Sie ermöglicht eine genaue und reproduzierbare relative Proteinquantifizierung in einer bisher unerreichten Tiefe.
SILAC (stable isotope labeling by amino acids in cell culture) is an effective method for quantitative proteomics in microorganisms. It enables
accurate and reproducible relative protein quantitation at unprecedented
depth of analysis.
ó SILAC (stable isotope labeling by amino
acids in cell culture) [1] ist eine geeignete
Methode, um die Proteome verschiedener
Zellzustände quantitativ zu vergleichen, beispielsweise Knock-out-Mutanten gegen Wildtyp oder behandelte gegen nicht behandelte
Kontrollzellen. Dazu werden die Proteine der
zu vergleichenden Zellen metabolisch über
den Einbau von stabile (nicht radioaktive) Isotope enthaltenden Aminosäuren unterschiedlich markiert. Diese Aminosäuren, die
eine bestimmte Anzahl 2H-, 13C- und 15N-Atome enthalten, werden dem Kulturmedium
zugesetzt, von den Zellen aufgenommen und
in alle neu gebildeten Proteine eingebaut.
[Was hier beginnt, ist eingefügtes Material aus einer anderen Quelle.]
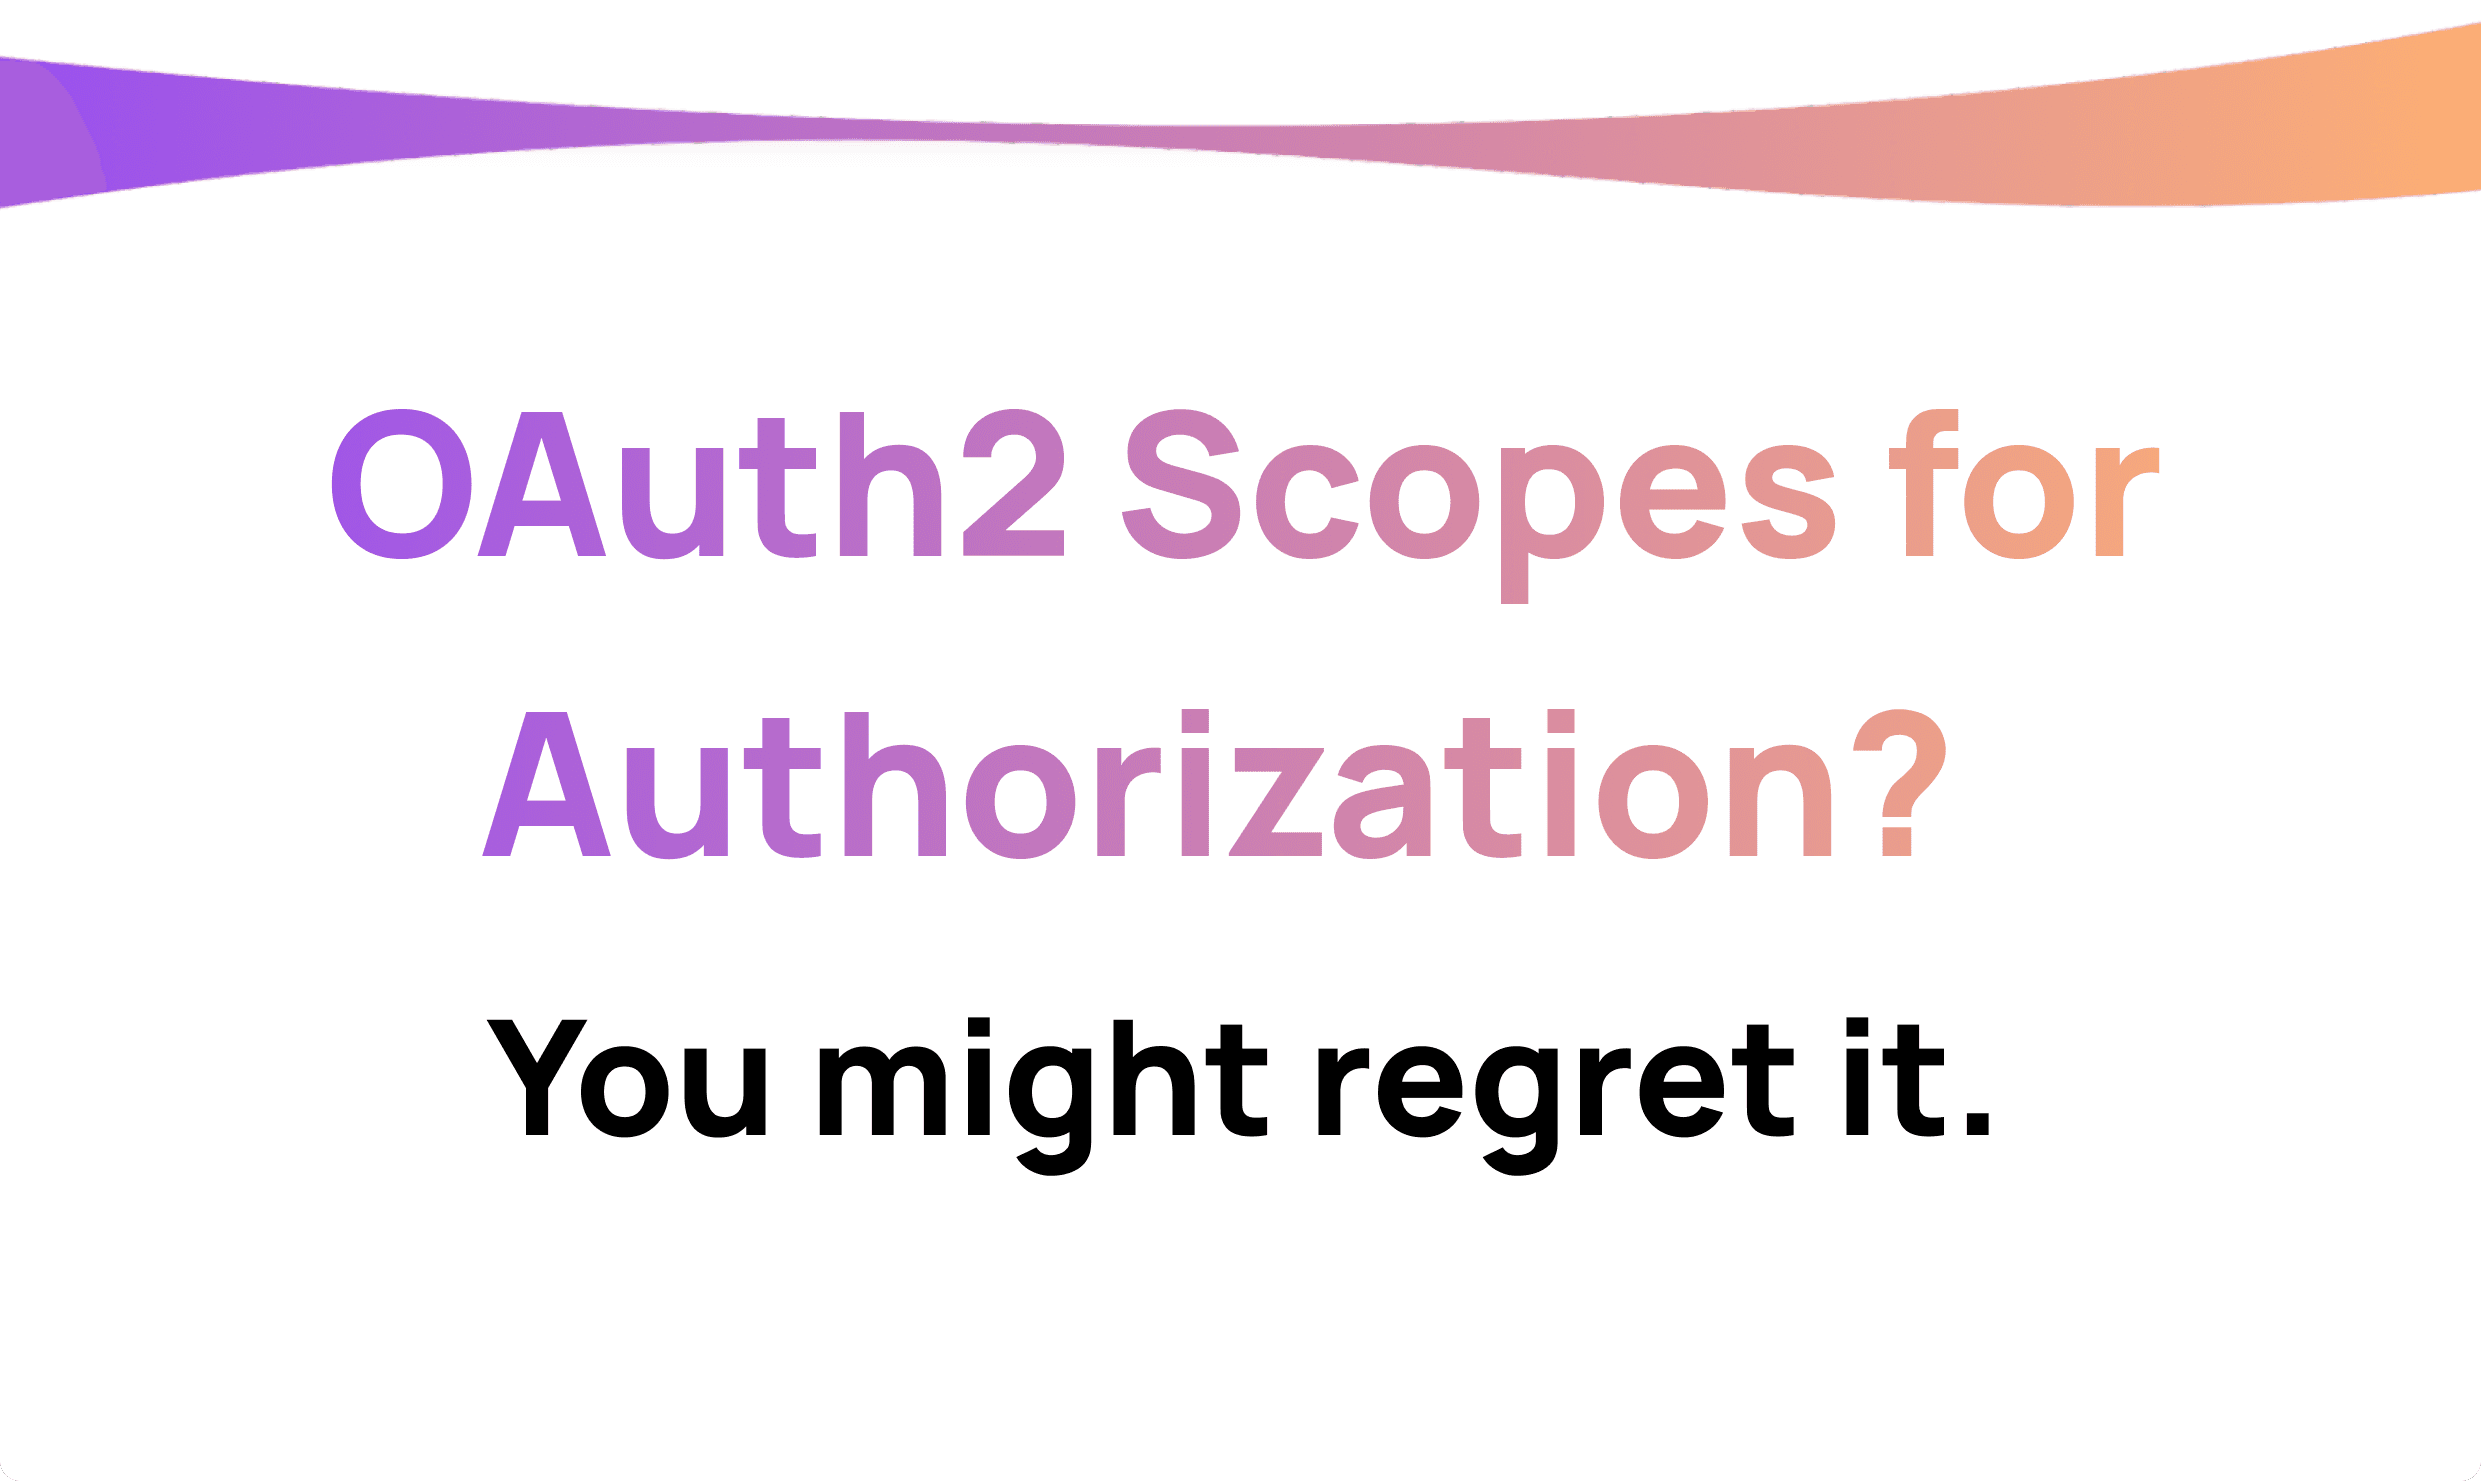 Using OAuth2 Scopes for Authorization? You might regret it

Wenn die zu vergleichenden Proben nun
gemischt, die Proteine mit geeigneten Proteasen verdaut und die Peptide massenspektrometrisch gemessen werden, erhält man für
jedes Peptid ein Signalpaar mit einem spezifischen Massenunterschied bedingt durch den
Einbau der markierten Aminosäuren (Abb. 1).
Die Unterschiede zwischen den Einzelintensitäten innerhalb der einzelnen Signalpaare
spiegeln dann die veränderte Proteinexpression in beiden Zuständen wider. Wenn die
Voraussetzungen erfüllt sind (siehe unten),
ist diese Methode zur metabolischen Markierung des zellulären Proteoms einfach und
hocheffizient und wurde deshalb bereits in
vielen Studien mit eukaryotischen Zellen verwendet; in einem Experiment lassen sich rou-
tinemäßig mehrere Tausend Proteine quantitativ untersuchen [2].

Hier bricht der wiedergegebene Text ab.